Location
- Saratoga Springs, New York United States

District information
- Type: Public
- Grades: Pre-kindergarten, K-12
- Established: 1923
- Superintendent: Dr. Michael Patton
- Budget: US$117 million

Students and staff
- Students: 6,442

Other information
- Unions: NYSUT, CSEA, SAANYS
- Website: www.saratogaschools.org

= Saratoga Springs City School District =

School district in the U.S. state of New York

The Saratoga Springs City School District is the public school district of Saratoga Springs, New York. The district is an independent public entity. It is governed by the Saratoga Springs City School District Board of Education, whose members are elected in non-partisan elections for staggered, three-year terms. The board selects a superintendent, who is the district's chief administrative official. The district's offices are located in the former Junior High building on 3 Blue Streak Boulevard, next to the high school.

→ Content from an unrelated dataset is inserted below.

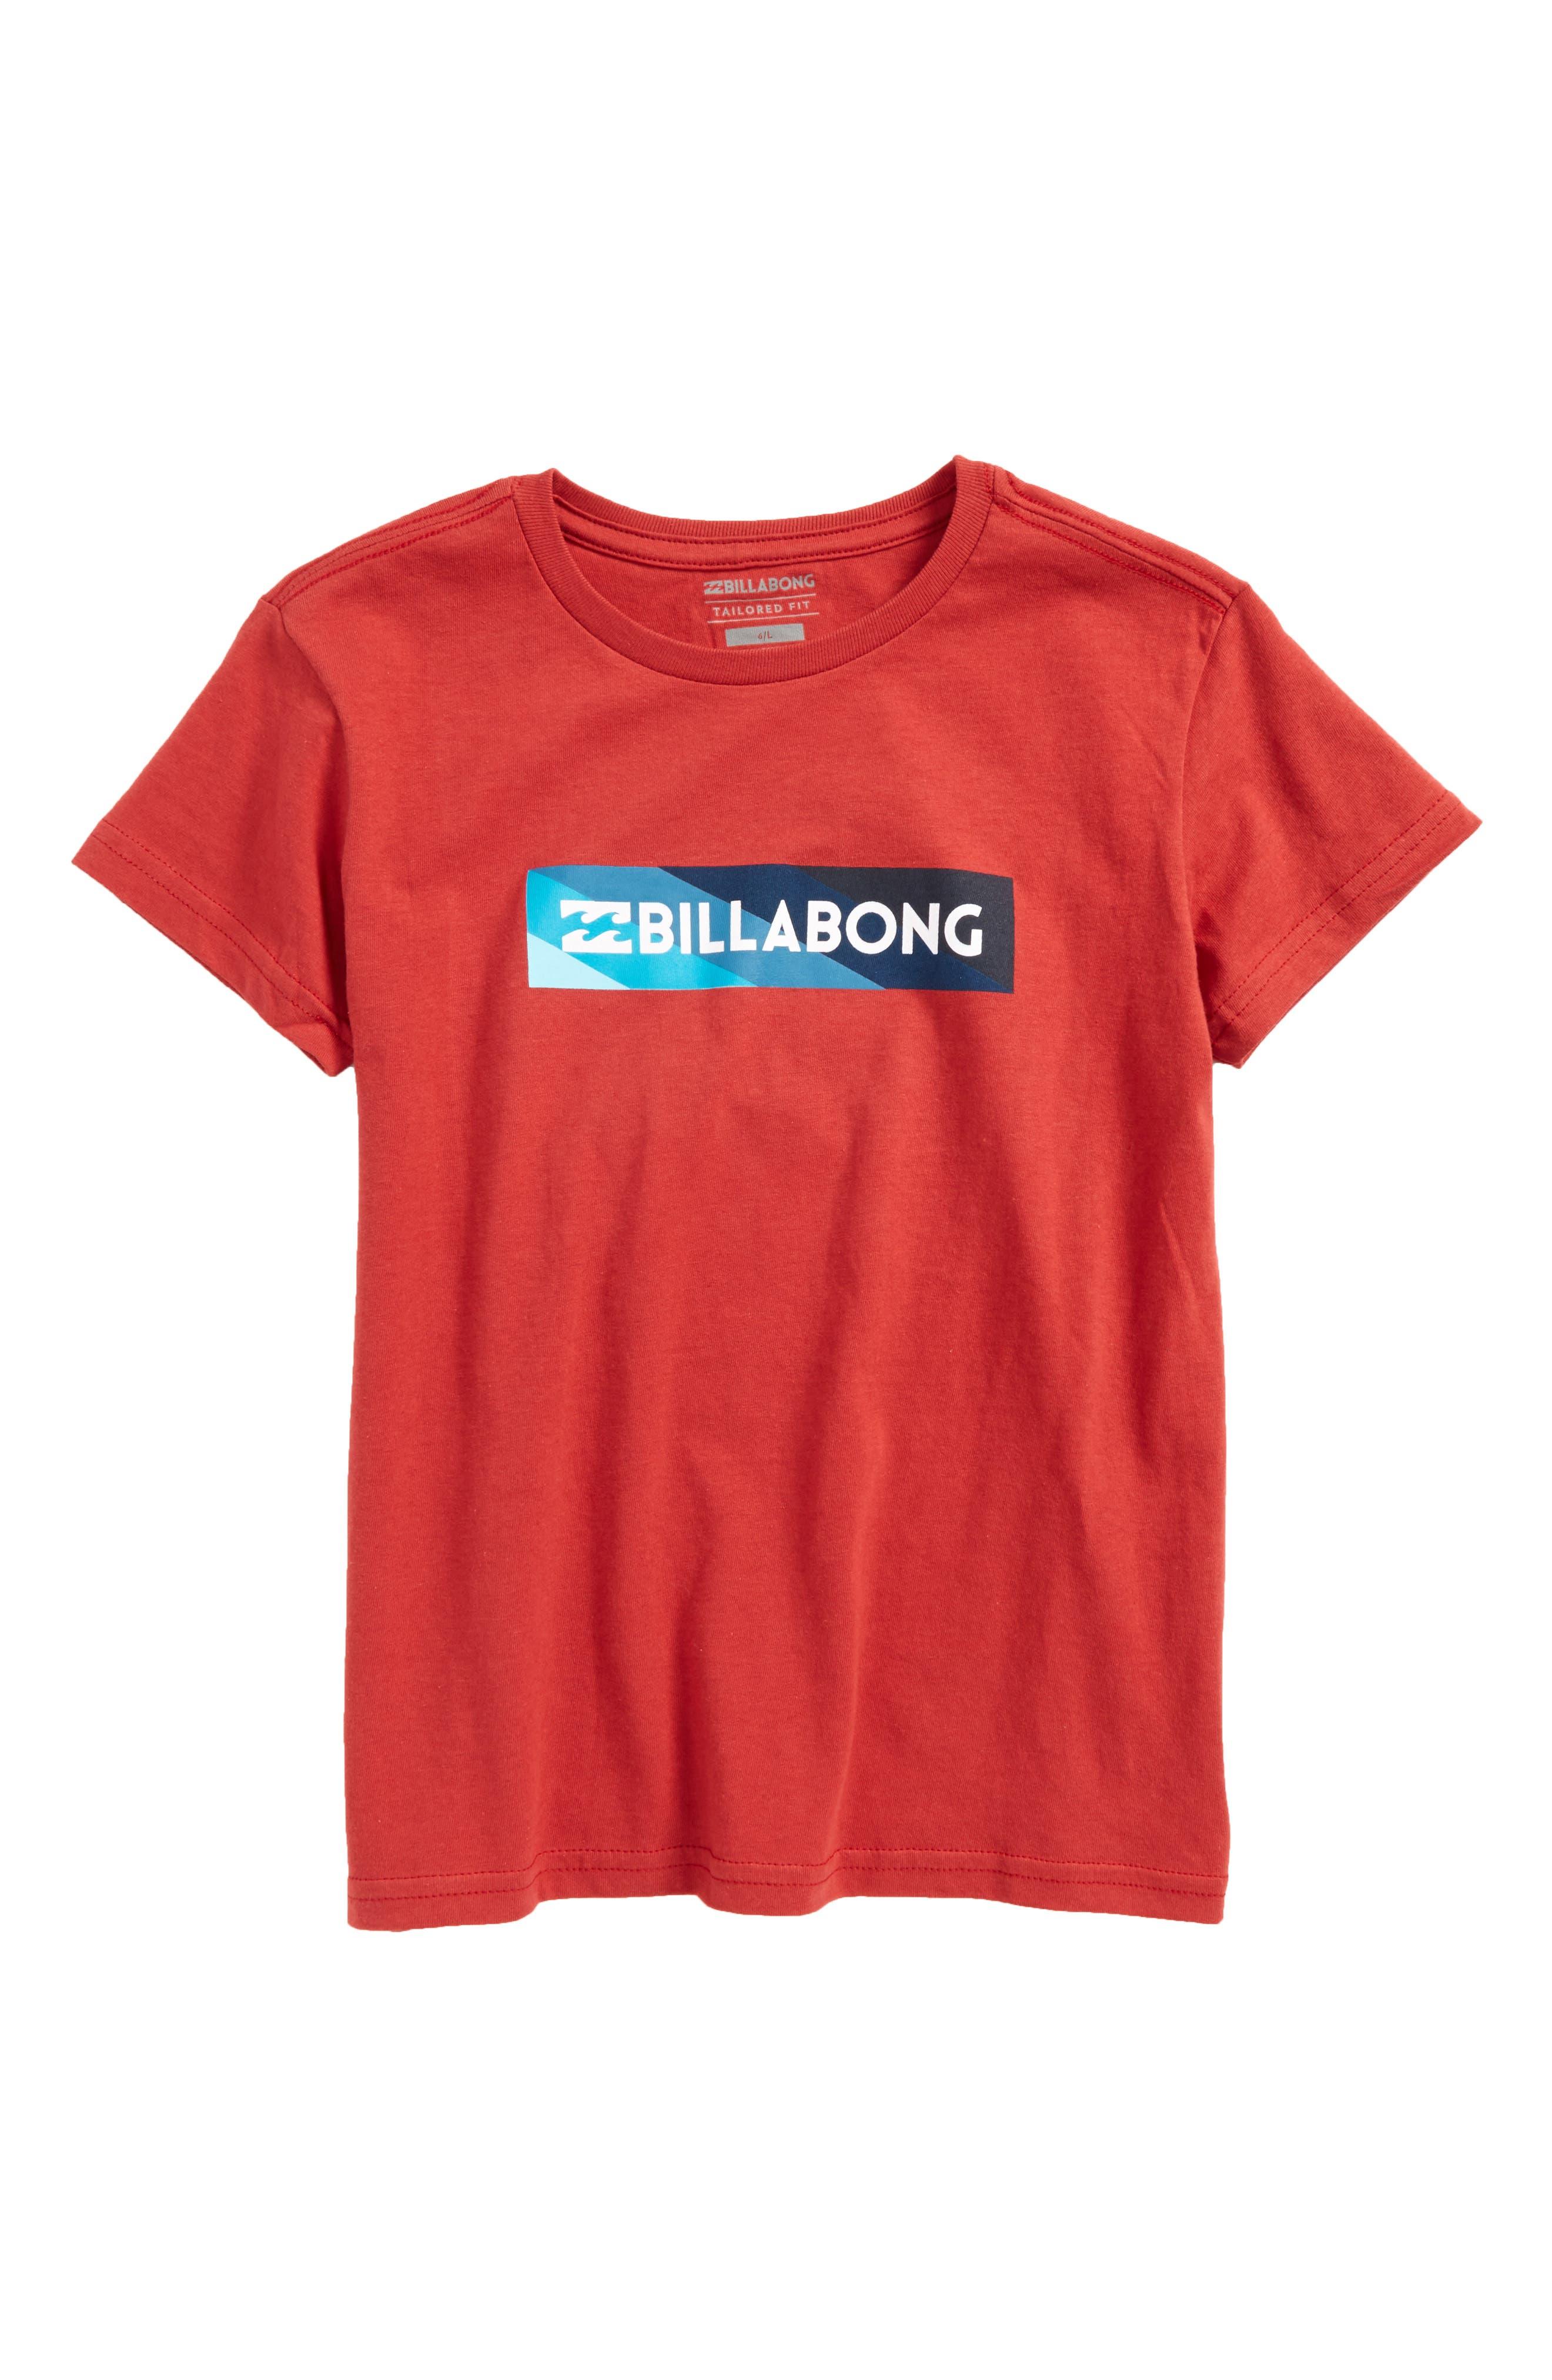 Main Image - Billabong Unity Block Graphic T-Shirt (Toddler Boys & Little Boys)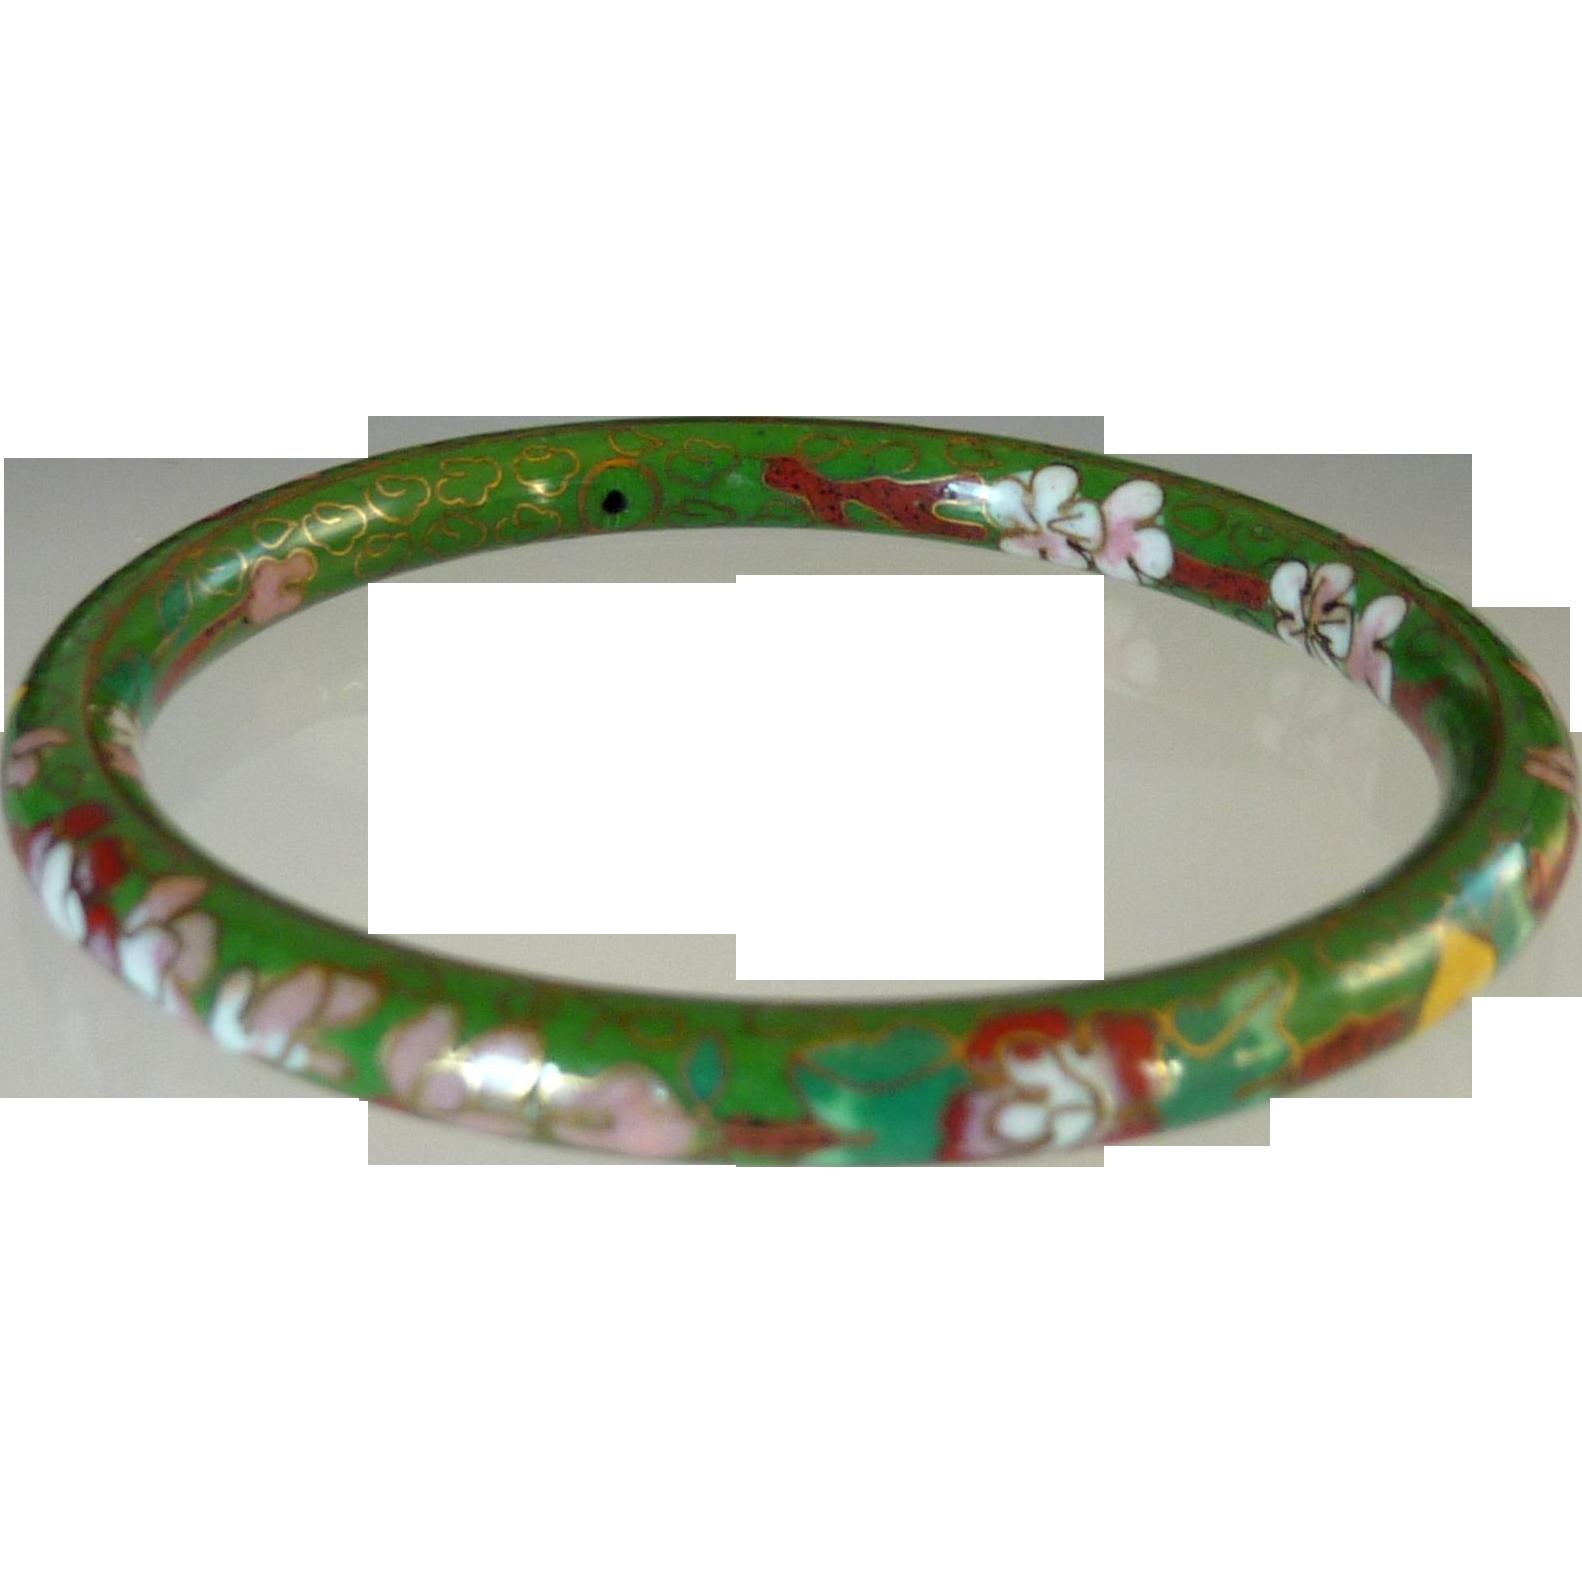 Green Floral Enamel Cloisonné Bangle Bracelet

The district has six elementary schools, one middle school, and one comprehensive high school serving about 6,400 students. As of 2015, it spends an average of $16,161 per pupil and has a student to teacher ratio of 14.3 (the national averages are $12,435 and 15.3 respectively).

The district serves students from the city of Saratoga Springs and the Saratoga County towns of Milton, Wilton, Malta, Greenfield and Saratoga.

==Schools==
- Secondary schools
- Saratoga Springs High School - comprehensive high school (9th-12th Grade)
- Maple Avenue Middle School (6th-8th Grade)

- Elementary schools
- Caroline Street Elementary School (Pre K- Grade 5)
- Division Street Elementary School (Pre K- Grade 5)
- Dorothy Nolan Elementary School (Pre K- Grade 5)
- Geyser Road Elementary School (Pre K- Grade 5)
- Greenfield Elementary School (Pre K- Grade 5)
- Lake Avenue Elementary School (former location of Saratoga Springs High School) (Pre K- Grade 5)

==Board of education==
There are nine (9) Board members. They are elected in the school budget elections in May to staggered three-year terms, which expire on June 30:

- Tony Krackeler (President, elected in 2020, term expires in 2023)
- Natalya Lakhtakia (Vice President, elected in 2019, re-elected in 2022, term expires in 2025)
- Dr. John Brueggemann (elected in 2019, re-elected in 2022, term expires in 2025)
- Erika Borman (elected in 2020, term expires in 2023)
- John Ellis (elected in 2015, re-elected in 2018 and 2021, term expires in 2024)
- Amanda Ellithorpe (elected in 2021, term expires in 2024)
- Anjeanette Emeka (elected in 2017, re-elected in 2020, term expires in 2023)
- Dean A. Kolligian Jr. (elected in 2019, re-elected in 2022, term expires in 2025)
- Connie Woytowich (elected in 2021, term expires in 2024)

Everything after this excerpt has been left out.